F Nneka Ogwumike, Los Angeles

Both Kolb and Hopkins have preached about the value of high-character players representing New York, and it’s hard to find anyone more accomplished on and off the court than Ogwumike. The current Spark and future Space Jam: A New Legacy star is current in the midst of her second term as the WNBA Players Association president, with Clarendon serving as the second-in-command. WIth WNBPA headquarters situated on Sixth Ave., New York could be an attractive option to Ogwumike from both a basketball and business standpoint.

Both Howard and Ogwumike have core designations, but something can still be accomplished through a sign-and-trade deal.

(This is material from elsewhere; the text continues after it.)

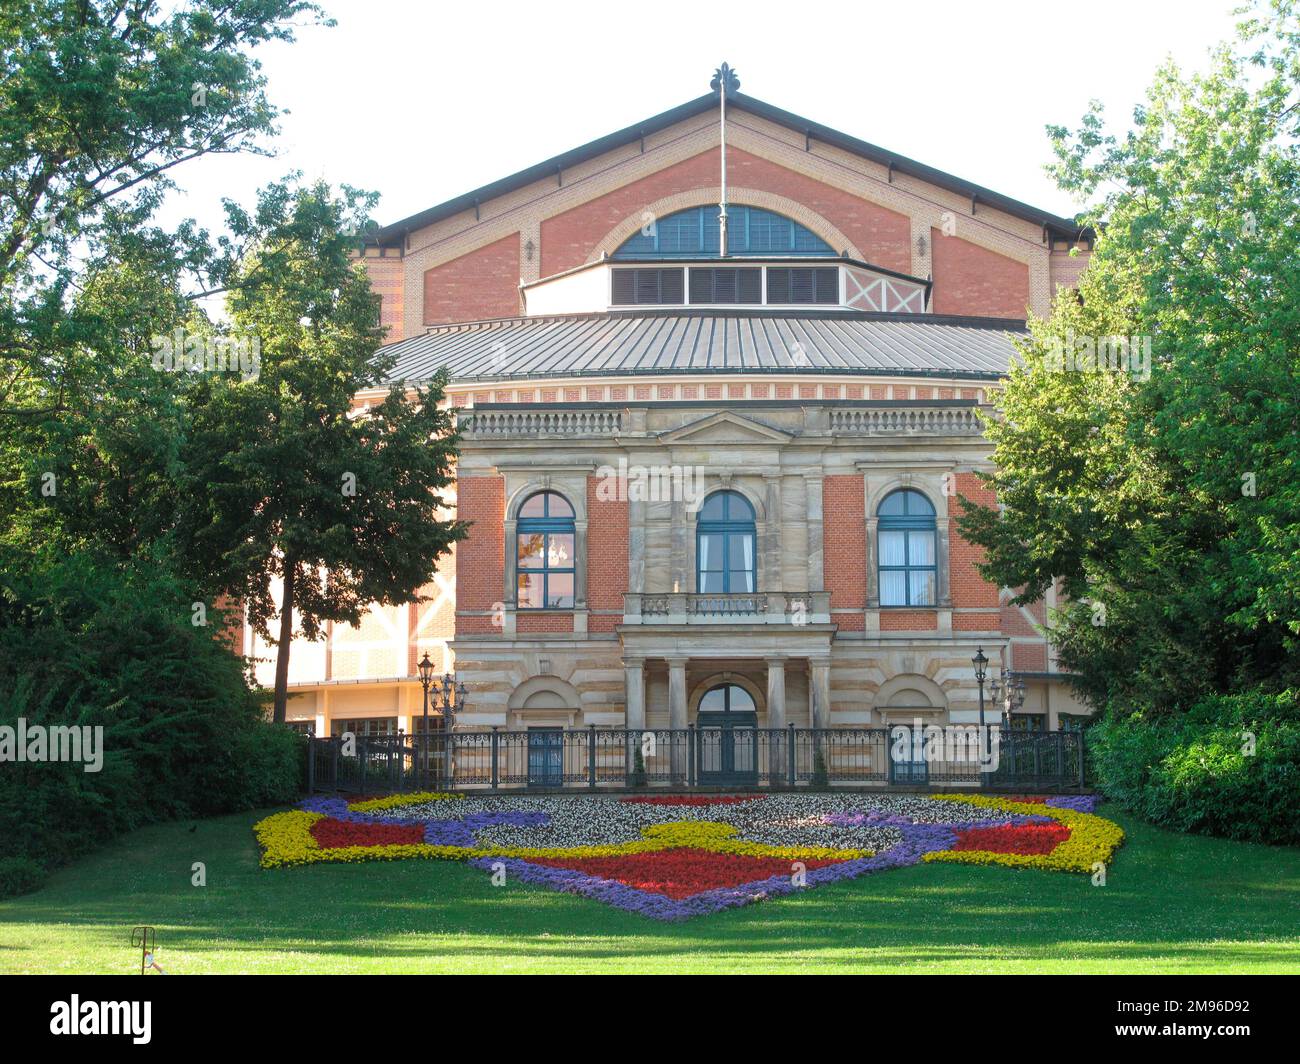 Vue extérieure du Bayreuth Festival Theatre (Festspielhaus) de Richard Wagner à Bayreuth, en Bavière, en Allemagne. Il a été construit au cours du 19th siècle, spécifiquement pour les productions des opéras de Wagner. Banque D'Images

F Emma Meeseman, Washington

Stokes’ newfound propensity to shoot from deep perhaps best personified Hopkins’ vision of playing positionless basketball where participants are confident from any area of the floor.

That more or less has been the story of Meeseman over the past few seasons, as she has fulfilled a variety of roles under Mike Thibault. She played it to her advantage during the 2019 WNBA Finals, coming off the bench to swipe series MVP honors after skipping the previous 2018 season to represent her native Belgium in the FIBA World Cup. Though Washington struggled without Elena Delle Donne last season, Meeseman set a new career-best with 4.5 assists per game.